--- WORK TO COMPLETE ---
Copy the data precisely, character for character, and leave out every picture.

--- DATA EXCERPT ---
__________________________________________________

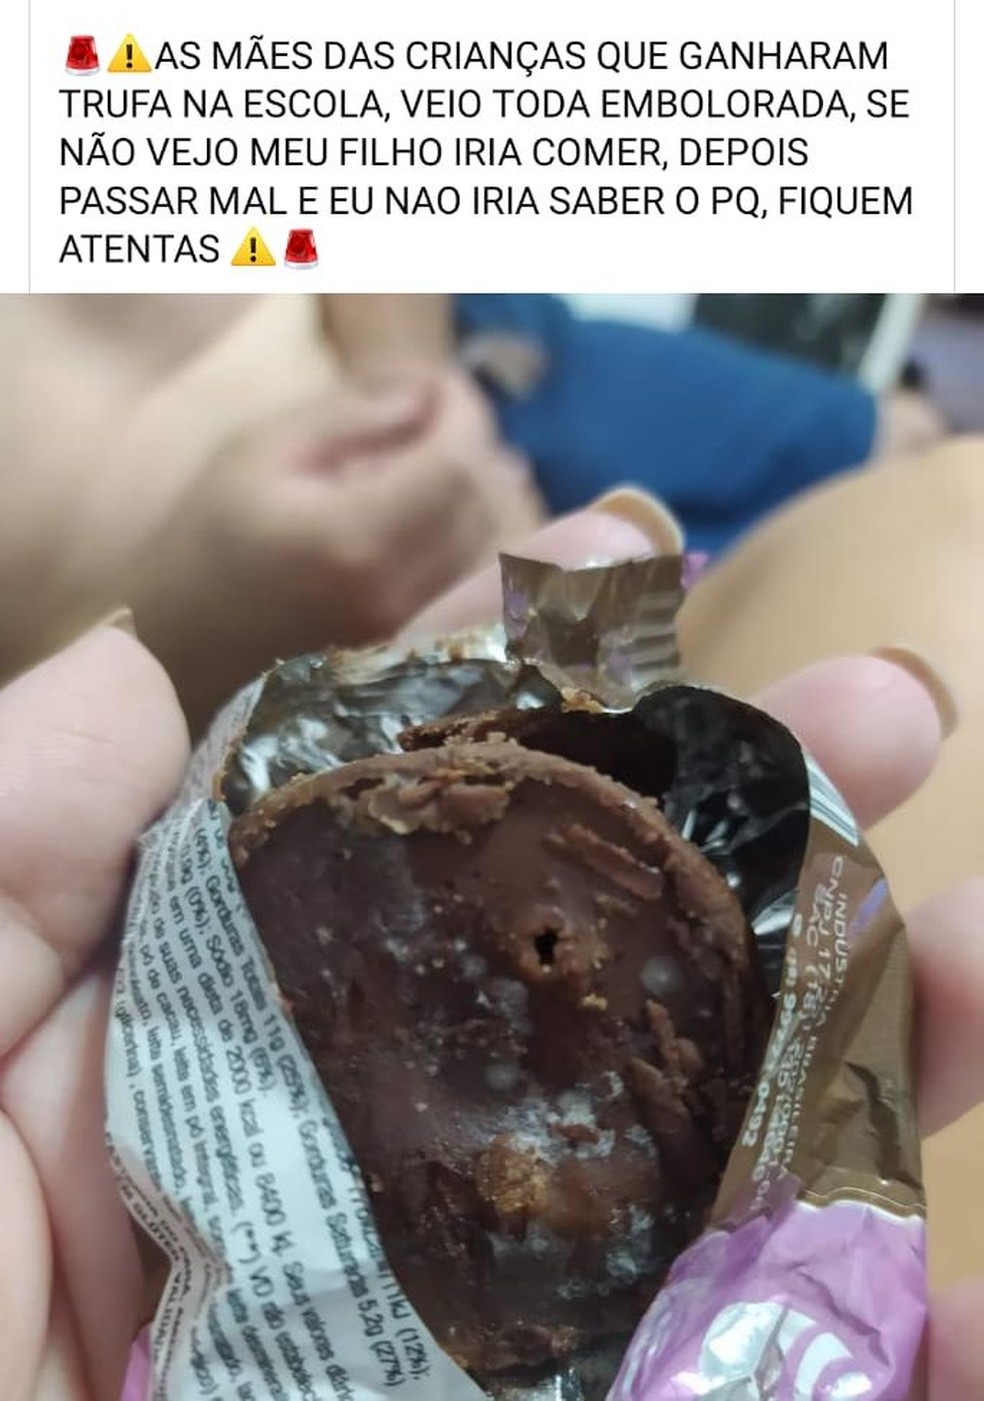 Pais denunciaram o problema com os chocolates nas redes sociais em Duartina  — Foto: Facebook/ Reprodução
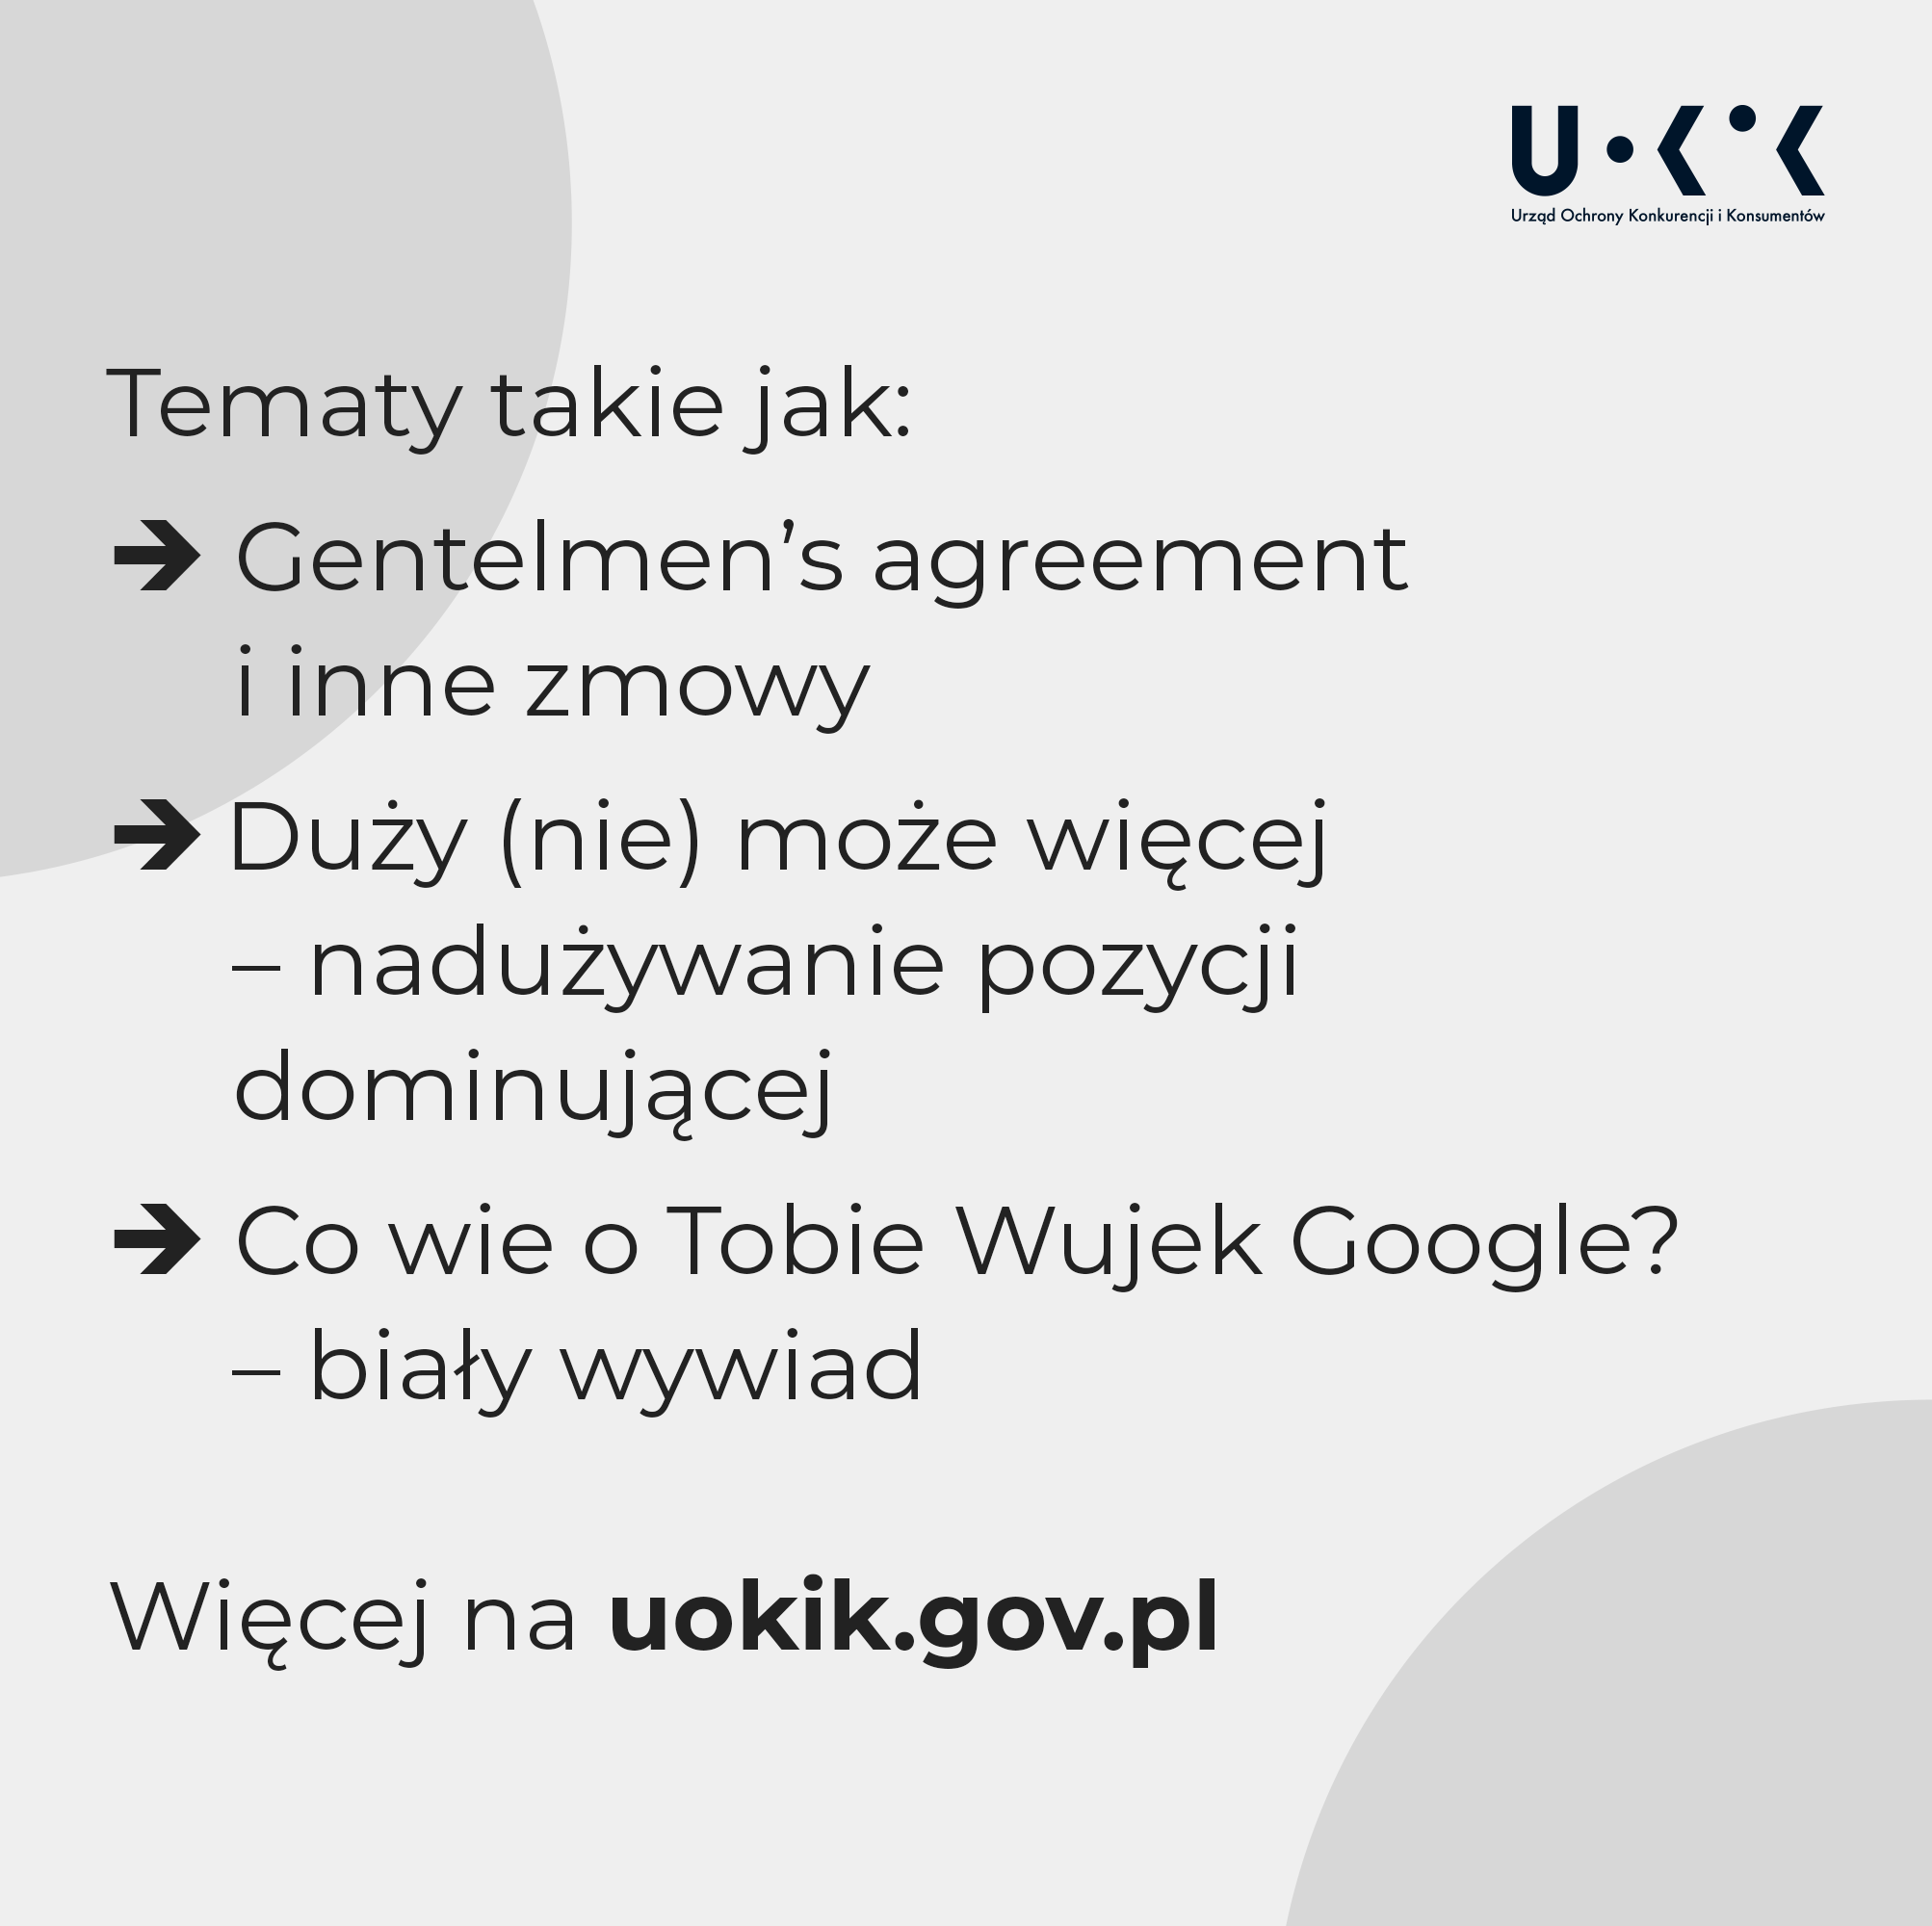 Tematy takie jak: Gentelmen's agreement i inne zmowy; Duży (nie) może więcej - nadużywanie pozycji dominującej; Co wie o Tobie Wujek Google? - biały wywiad. Więcej na uokik.gov.pl
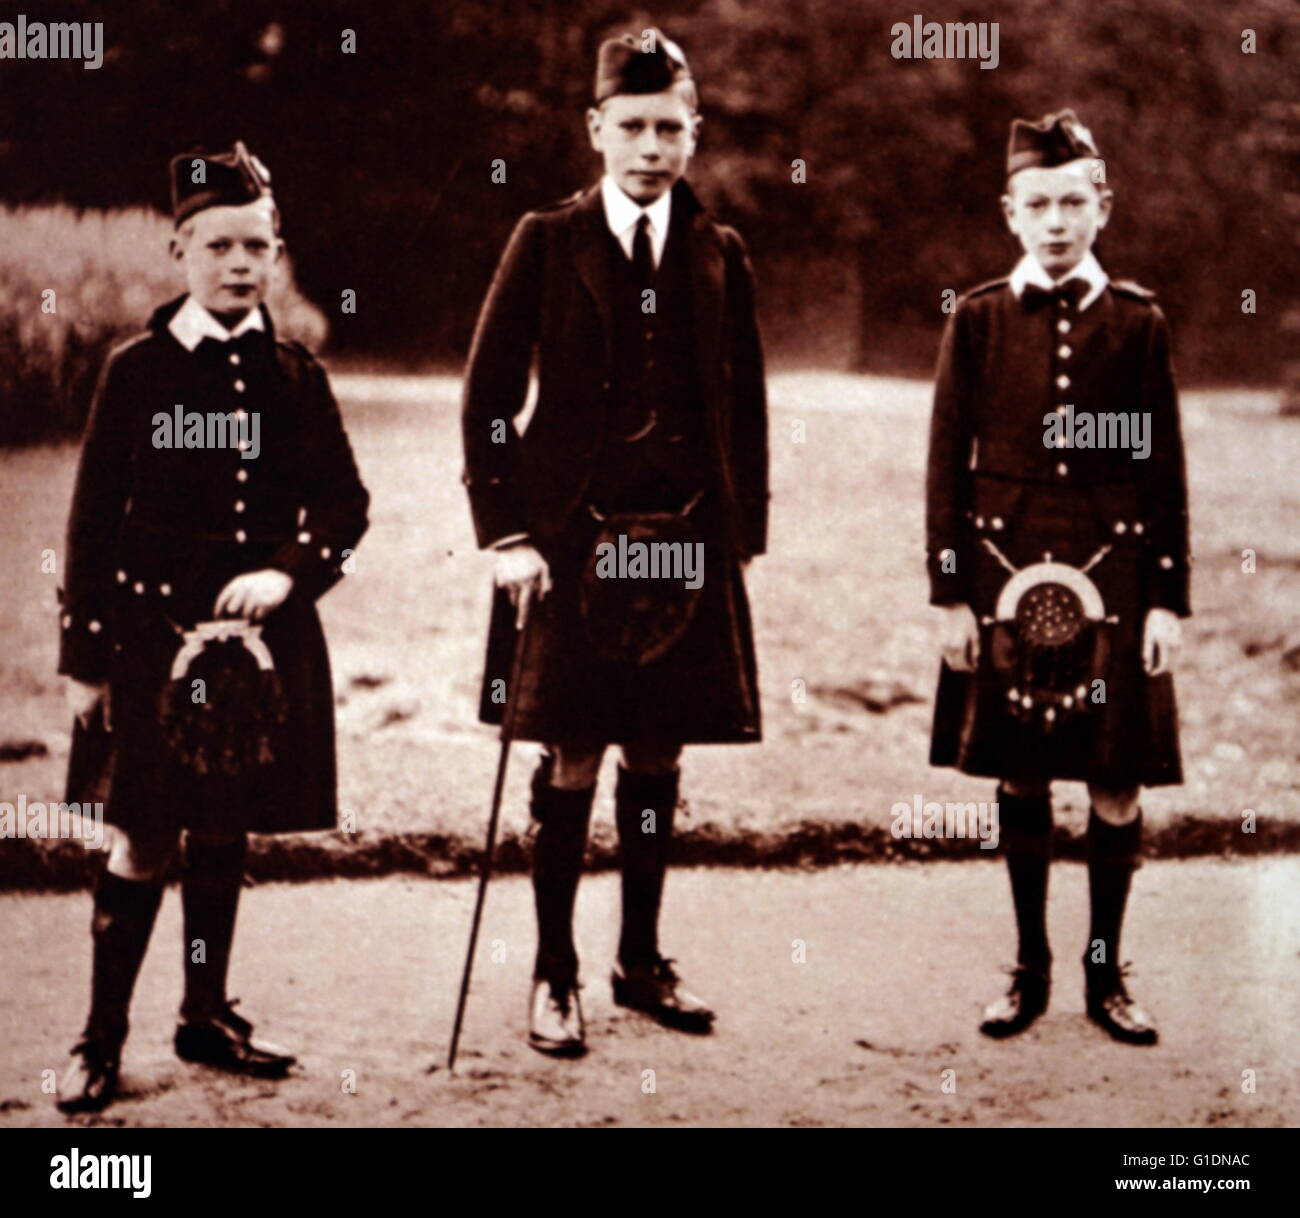 Fotografía de Albert Frederick Arthur George (1895-1952), el Príncipe Henry, Duque de Gloucester (1900-1974) y el Príncipe George, duque de Kent (1902-1942) en el Castillo de Balmoral, en Escocia. Fecha Siglo XX Foto de stock
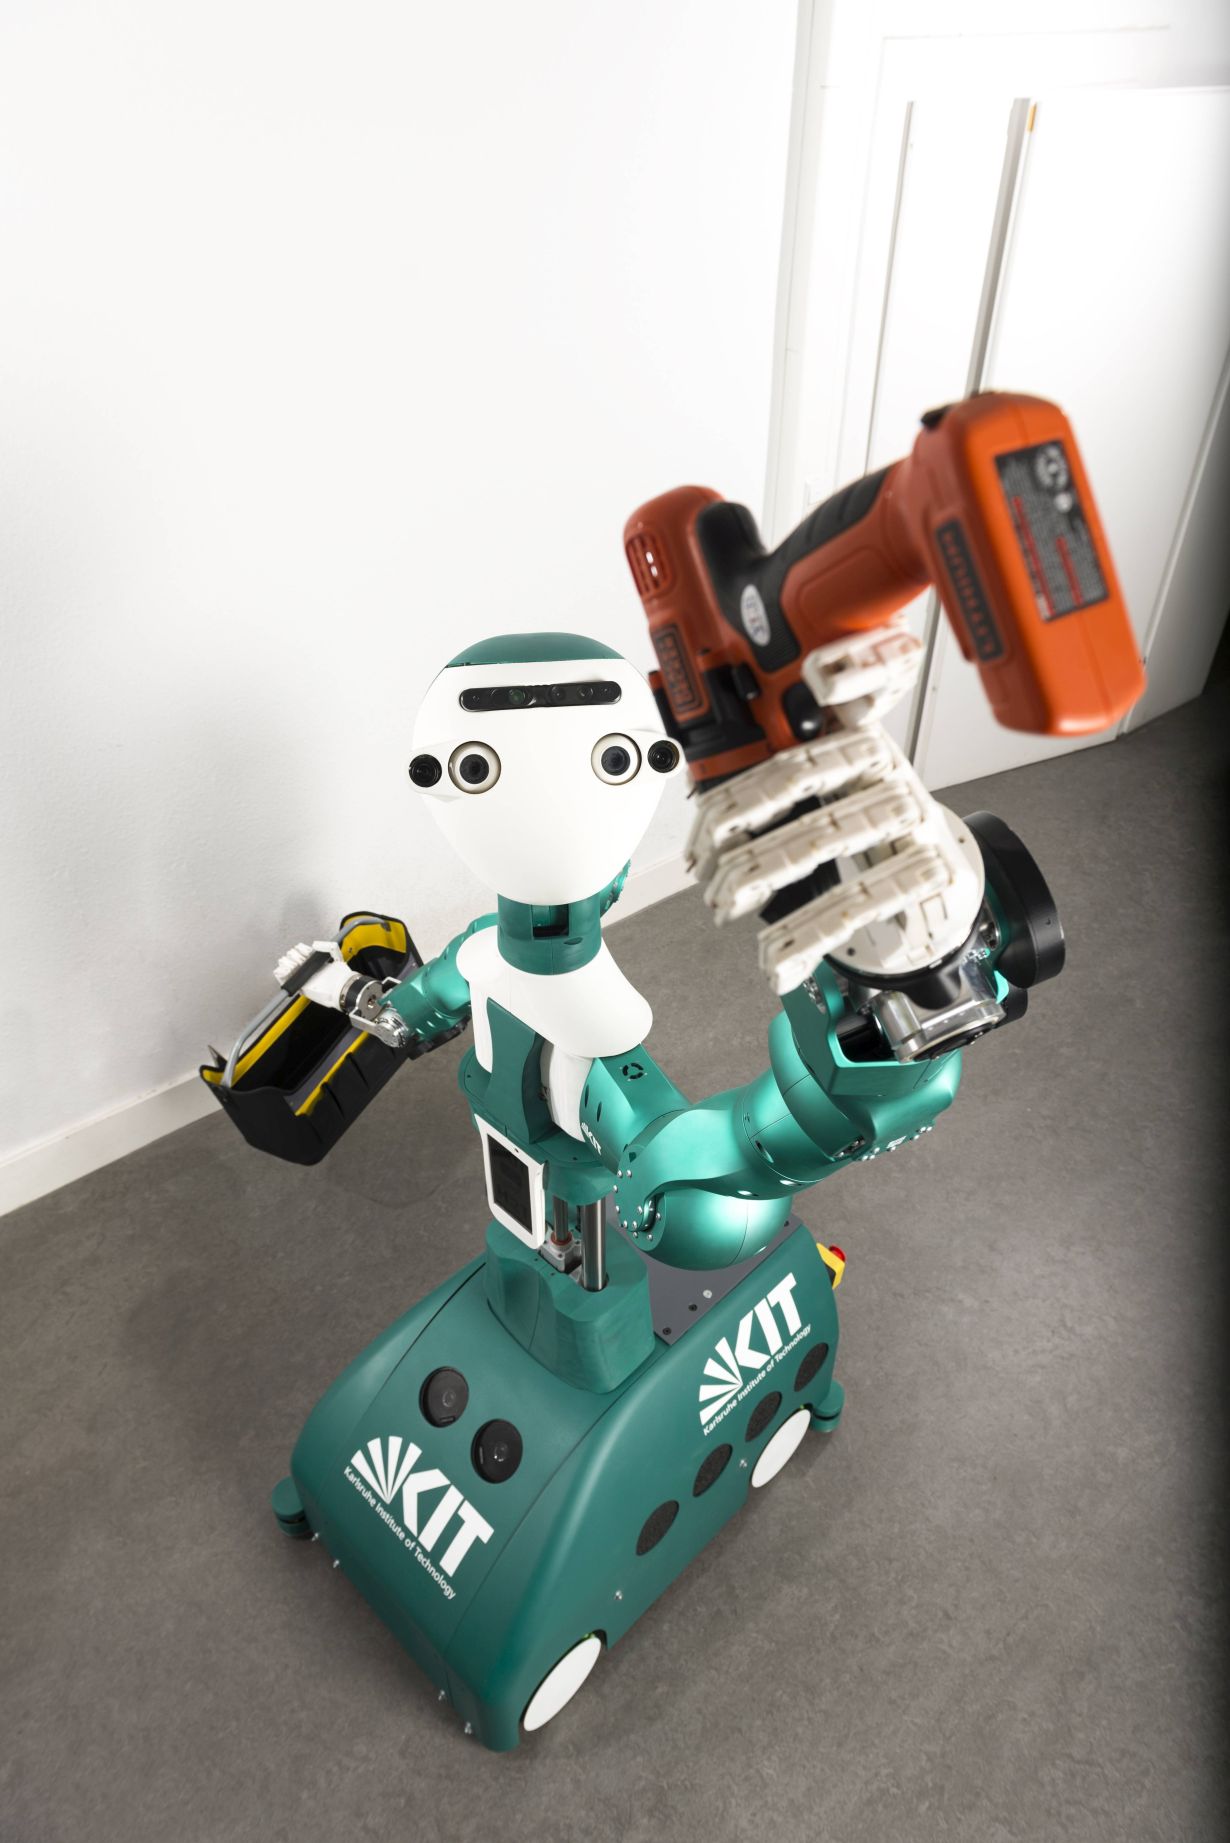 Lernwilliger Helfer: Der Assistenz-Roboter ARMAR 6 kann allein durch Beobachtung neue Fähigkeiten erwerben, Nutzer unterstützen und etwa Werkzeug reichen. (Bild:KIT/Laila Tkotz)

__________________________________________________

--- EXERCISE RESULT ---
 Pais denunciaram o problema com os chocolates nas redes sociais em Duartina  — Foto: Facebook/ Reprodução
 Tematy takie jak: Gentelmen's agreement i inne zmowy; Duży (nie) może więcej - nadużywanie pozycji dominującej; Co wie o Tobie Wujek Google? - biały wywiad. Więcej na uokik.gov.pl
 Fotografía de Albert Frederick Arthur George (1895-1952), el Príncipe Henry, Duque de Gloucester (1900-1974) y el Príncipe George, duque de Kent (1902-1942) en el Castillo de Balmoral, en Escocia. Fecha Siglo XX Foto de stock
 Lernwilliger Helfer: Der Assistenz-Roboter ARMAR 6 kann allein durch Beobachtung neue Fähigkeiten erwerben, Nutzer unterstützen und etwa Werkzeug reichen. (Bild:KIT/Laila Tkotz)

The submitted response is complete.